[MATERIAL PROVIDED]
- Opening Delimiter -

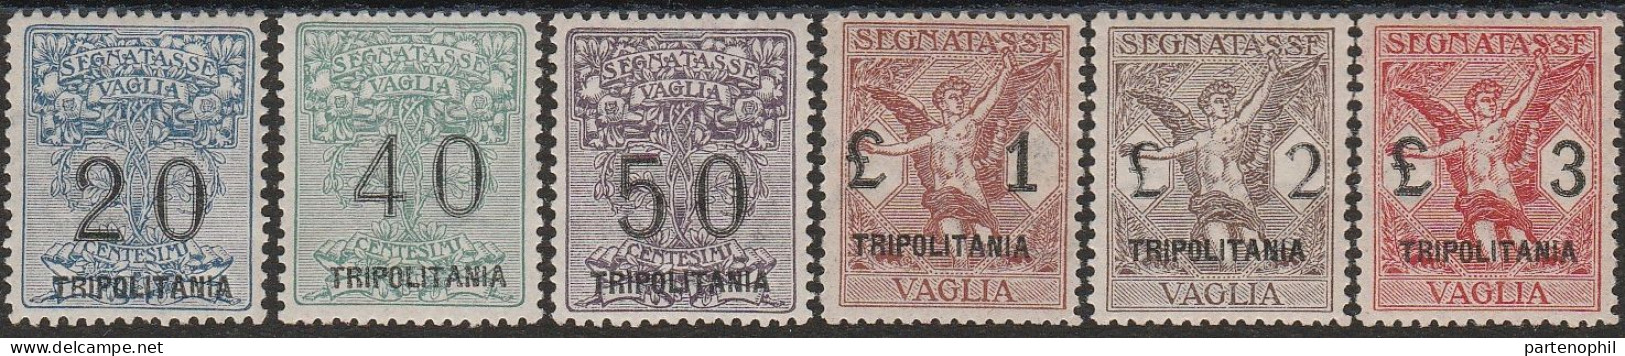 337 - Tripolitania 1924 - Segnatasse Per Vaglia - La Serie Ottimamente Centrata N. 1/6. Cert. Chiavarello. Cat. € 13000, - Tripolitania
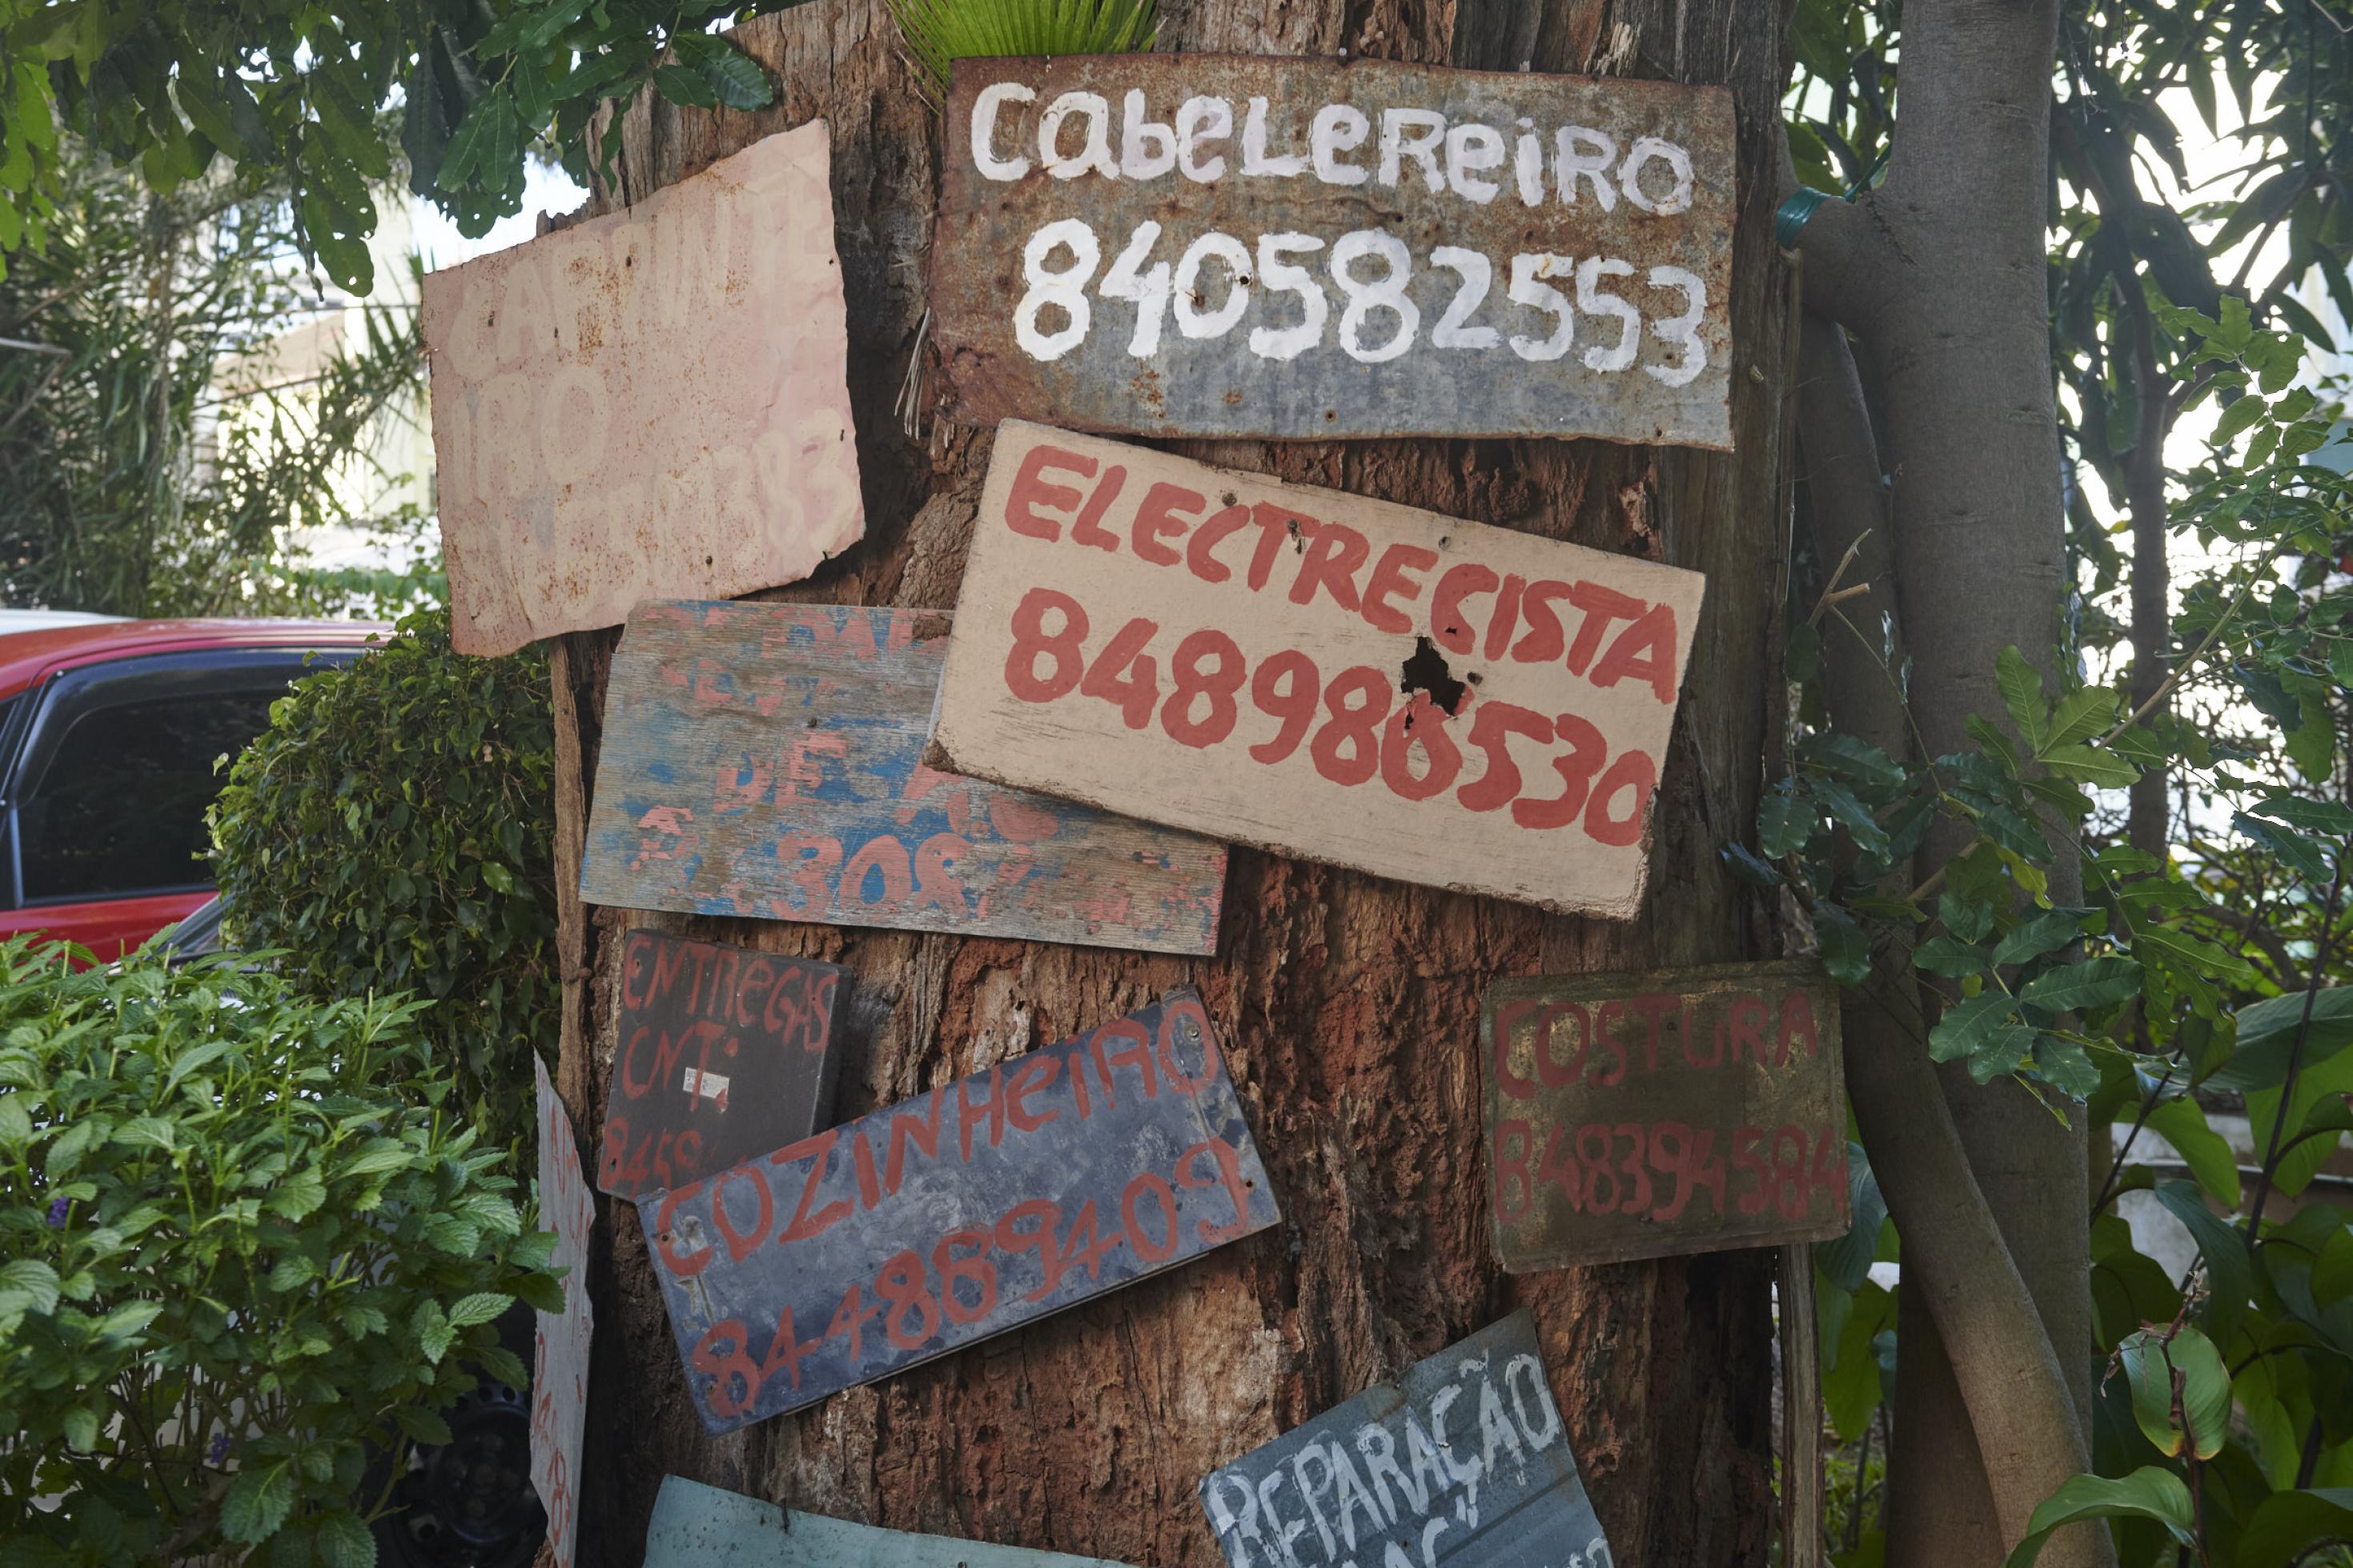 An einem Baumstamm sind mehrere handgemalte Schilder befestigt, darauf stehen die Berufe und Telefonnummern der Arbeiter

- Closing Delimiter -
- Opening Delimiter -

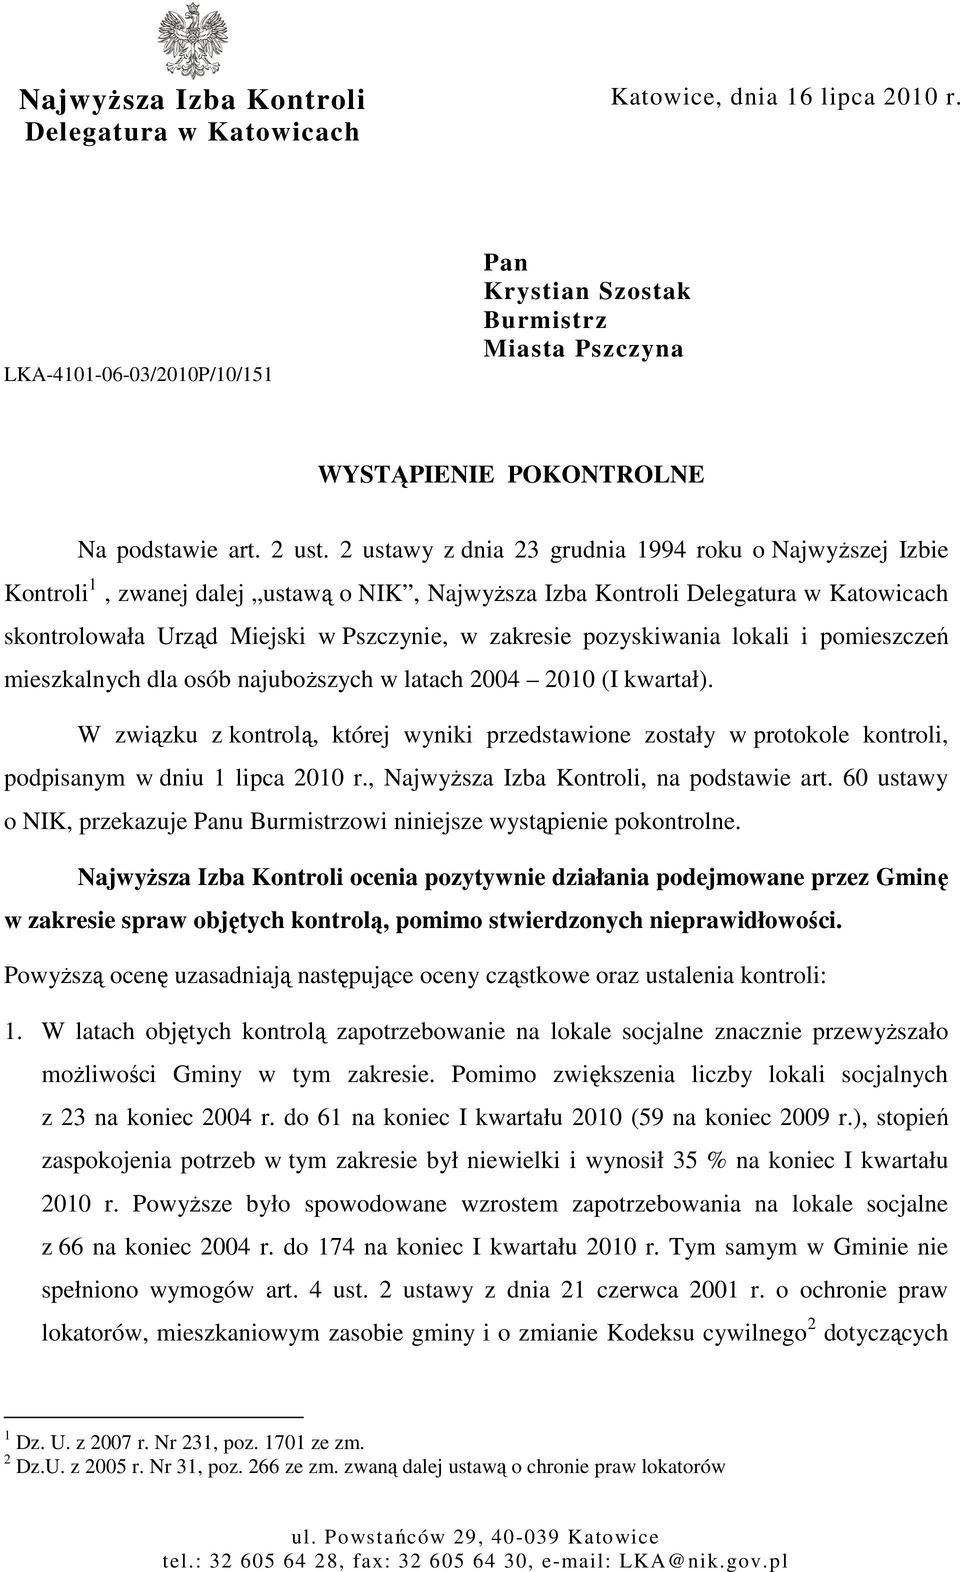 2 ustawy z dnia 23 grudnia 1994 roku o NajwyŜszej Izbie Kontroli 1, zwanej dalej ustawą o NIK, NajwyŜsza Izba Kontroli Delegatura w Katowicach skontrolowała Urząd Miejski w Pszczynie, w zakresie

- Closing Delimiter -

[EXERCISE DESCRIPTION]
In the listing above, find the line containing "337 - Tripolitania" and the line containing "An einem Baumstamm"; print those lines and every line between them exactly, leaving out pictures.

[EXPECTED OUTPUT]
 337 - Tripolitania 1924 - Segnatasse Per Vaglia - La Serie Ottimamente Centrata N. 1/6. Cert. Chiavarello. Cat. € 13000, - Tripolitania
 An einem Baumstamm sind mehrere handgemalte Schilder befestigt, darauf stehen die Berufe und Telefonnummern der Arbeiter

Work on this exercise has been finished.